Search Core strategy

This page outlines the strategy, and goals of the Search Core team.

For context on the mission, vision and guiding principles of Search, see the top-level search strategy page.

Quicklinks:

Where we are now

In , we grew the Sourcegraph Cloud global index to 2.1M repositories, including all repositories with 8 stars or more. Importantly, the changes we’ve made to reach this state have never been cloud-specific, and yielded trickle-down benefits to all Sourcegraph deployments (for instance, significant reductions in the memory usagee of Zoekt, our trigram-based indexed search backend).

What’s next and why

Goals

  • Make Sourcegraph Search work well with large-scale monorepos (time to first result for unindexed search on monorepos larger than 200GB is < 10s and <2s for indexed, and time to indexing is always <30 minutes).
  • Sourcegraph Cloud indexes public repositories globally from 4 non-GitHub code hosts.

Details

Monorepo performance is a recurrent pain point for large Enterprise customers. Unindexed monorepo performance is still poor, and several facets of search on large monorepos cause significant load on gitserver.

Code host coverage: we’ve chosen to make progress towards indexing the entire OSS universe by indexing repositories from different code hosts, which we see as a better increment towards making sourcegraph.com a universal code search engine than our previous goal of scaling the global index to 5.5M repositories (see “what we’re not working on” below).
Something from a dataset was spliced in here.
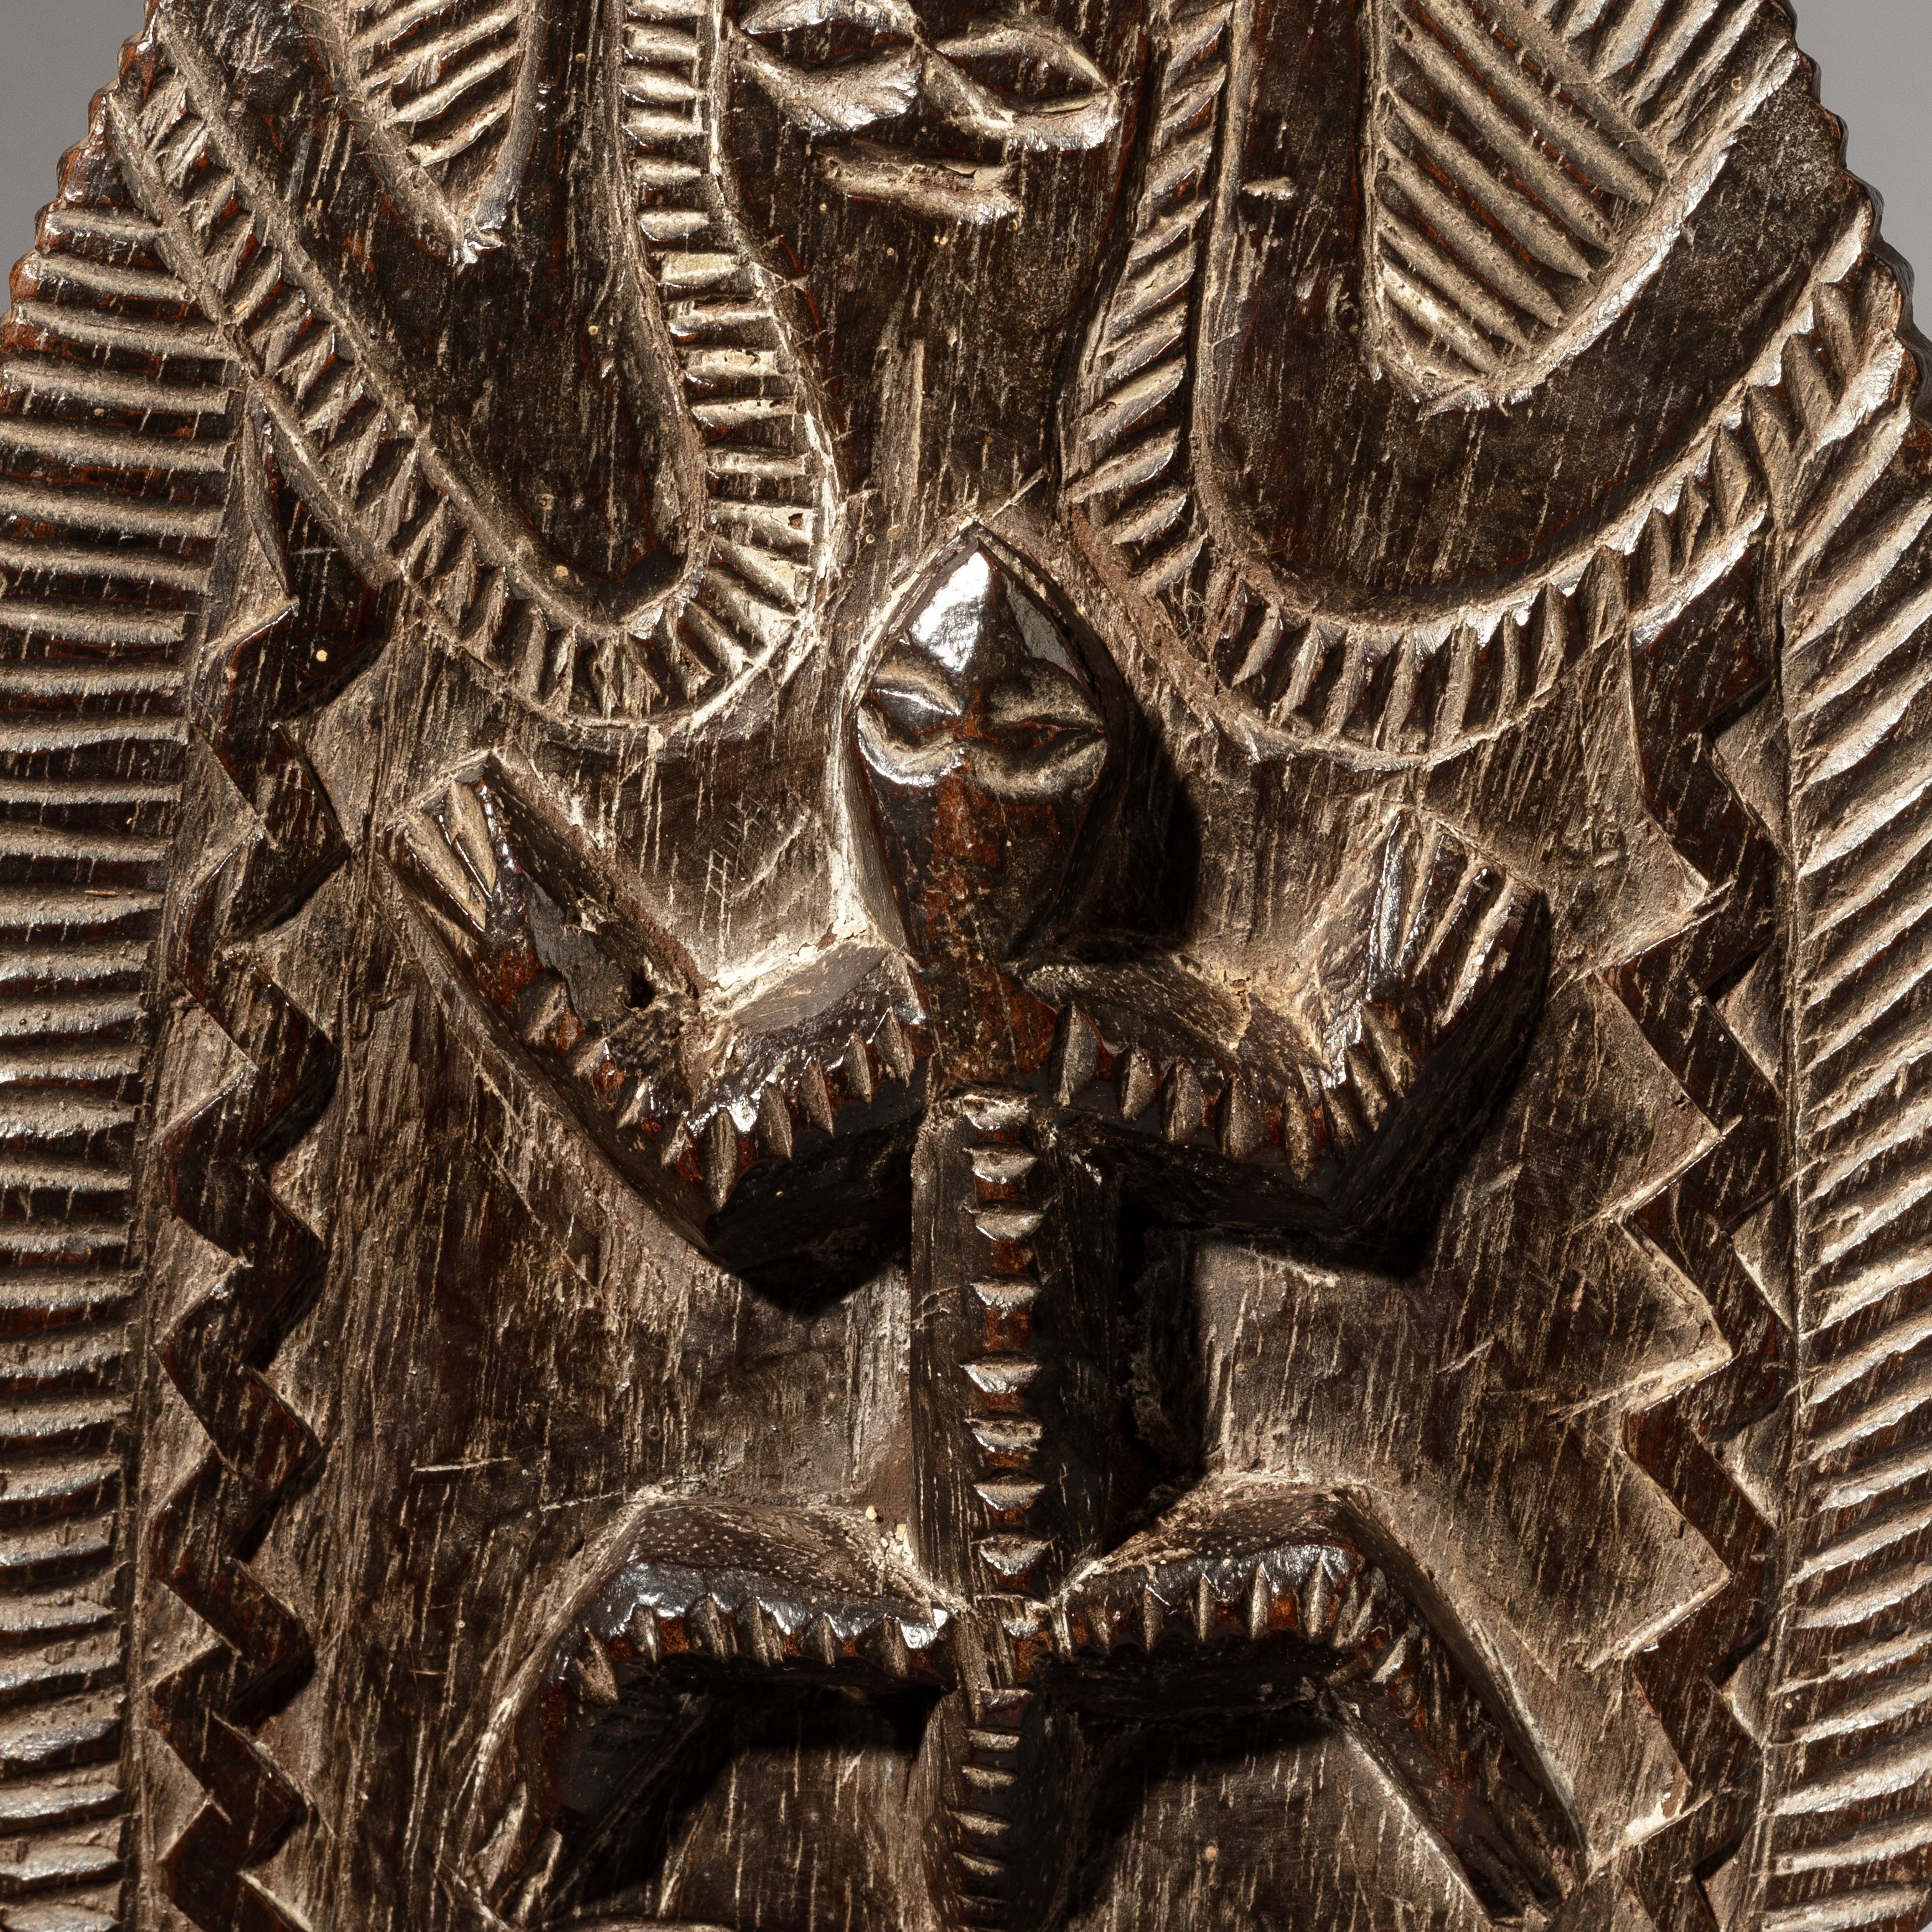 A FINELY ENGRAVED kOLA NUT CONTAINER FROM YORUBA TRIBE NIGERIA, WEST AFRICA ( No 1322)

What we’re not working on and why

  • Further scaling the Sourcegraph Cloud global index by adding more repositories from GitHub: low-star repos can contain a lot of strange things, and may be only tangentially related to code (i.e., wikipedia dumps, other non-code data stores that only the author uses). This has a knock-on effect to relevancy, scaling, and performance. In addition, by adding repositories from the “popular long tail”, we are not really delivering on the promise of letting people search their own code: for many developers, this would amount to searching 0-1 star repositories (example), which means complete coverage is still 28+M repos.